Introducing Unmade Bed

Just like Divine or Lisa Stansfield, this music is not looking to beg or win any prizes, and that’s important in this Salem-like age of timidity.

Just like Divine or Lisa Stansfield, this music is not looking to beg or win any prizes, and that’s important in this Salem-like age of timidity.

 

 

http://soundcloud.com/unmade-bed

 

Dorian Cox has a new band. This shouldn’t come as news, because despite his well-documented ups and downs, he’s been busy working at his Muse by way of two previous incarnations – Spilt Milk and Former Lover – before this, his third revelation, Unmade Bed.

There are a number of recognisable threads that run through all Cox’s post Blondes work: most notably his covert role-playing as the Northern, kitchen sink romantic.

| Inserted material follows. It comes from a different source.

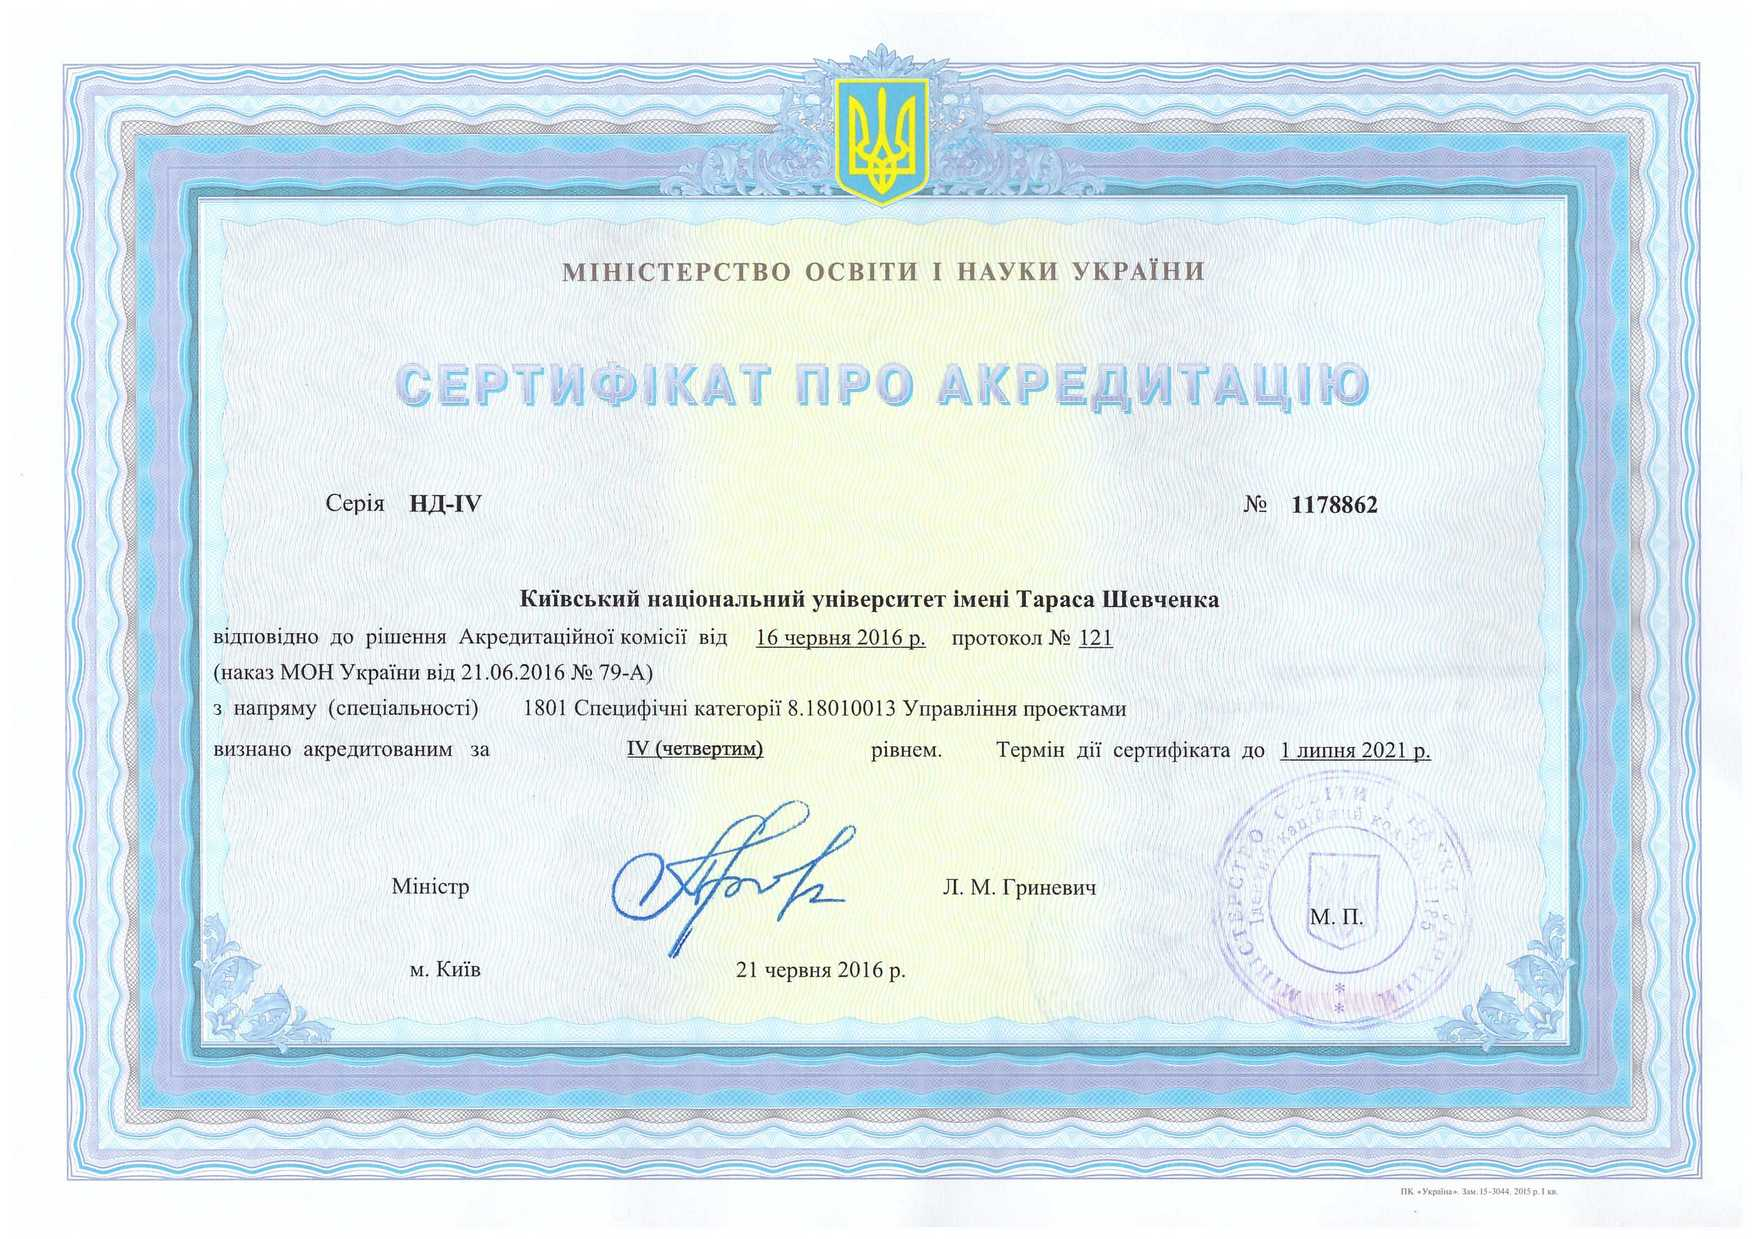 +Управління проектами_8_1178862_№057407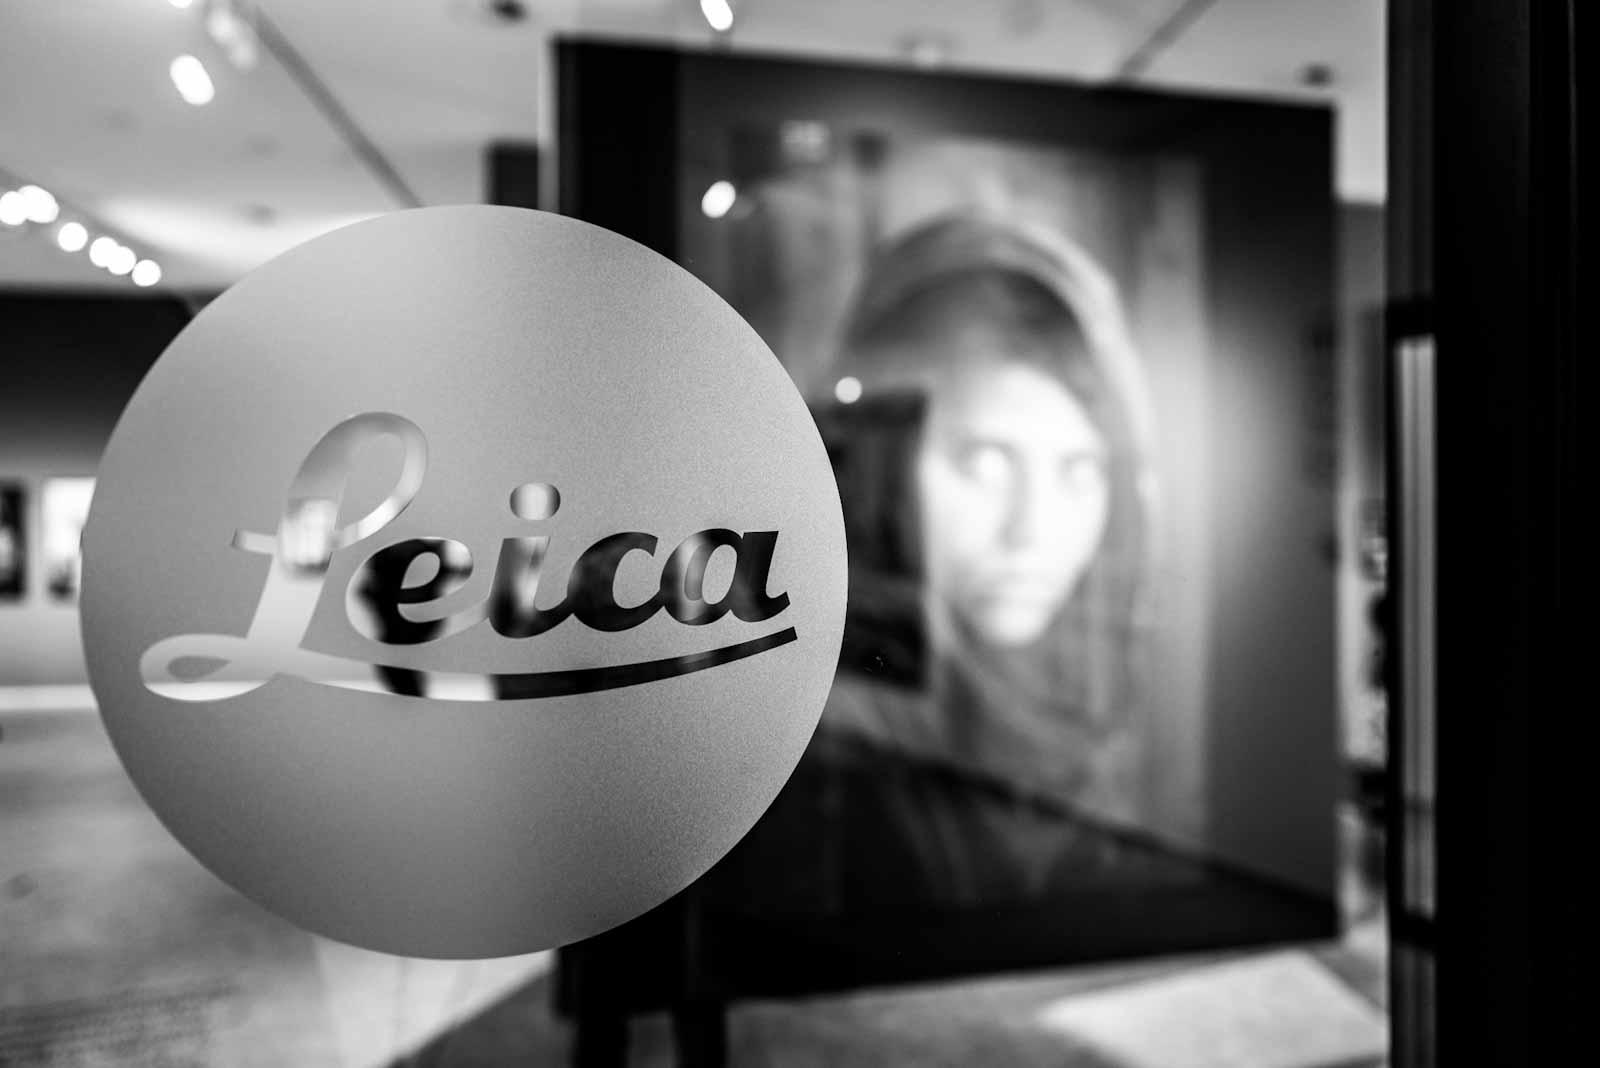 #WeeklyBoys - 38 - #BeWeekly - Leica - Steve McCurry

If you add in the truculent and misty idealism that’s so often surfaced in music from other Sheffield bands, (including the Blondes’, albeit there was always more “gang show” manner with them), you wouldn’t be wrong in thinking that there was already enough to hope that something would eventually surface from all the intelligent if gauche demos we’ve heard up to now.

The themes that were lightly – if charmingly – sketched out with Spilt Milk and Former Lover, are given a much bolder treatment with Unmade Bed. The new vehicle allows another of his obsessions to get an airing too; that of glitz and cheap glamour, and sharpness of tongue in the saloon bar. It seems that this time he’s been able to successfully mould his material into shape by simply taking a back seat and allowing the brassiness of singer Jeannie to formulate and flesh out the vision.

The latest tracks revolve round that club beat that threatened to take The Long Blondes away from the second hand clothes shop and into the disco. There’s something of St Etienne in this latest venture too – especially those very early singles such as Only Love Can Break Your Heart or Nothing Can Stop Us: with tracks like Go The Whole Way and You Never Really Broke My Heart, this is music that’s got a refreshing amount of coldness. Just like Divine or Lisa Stansfield, this music is not looking to beg or win any prizes, and that’s important in this Salem-like age of timidity.

Incendiary make no secret of their affinity with Mr. Cox. We’re pally with Dorian, and always wish him well, but with this we think he’s onto something good, something that doesn’t need our best wishes at any rate.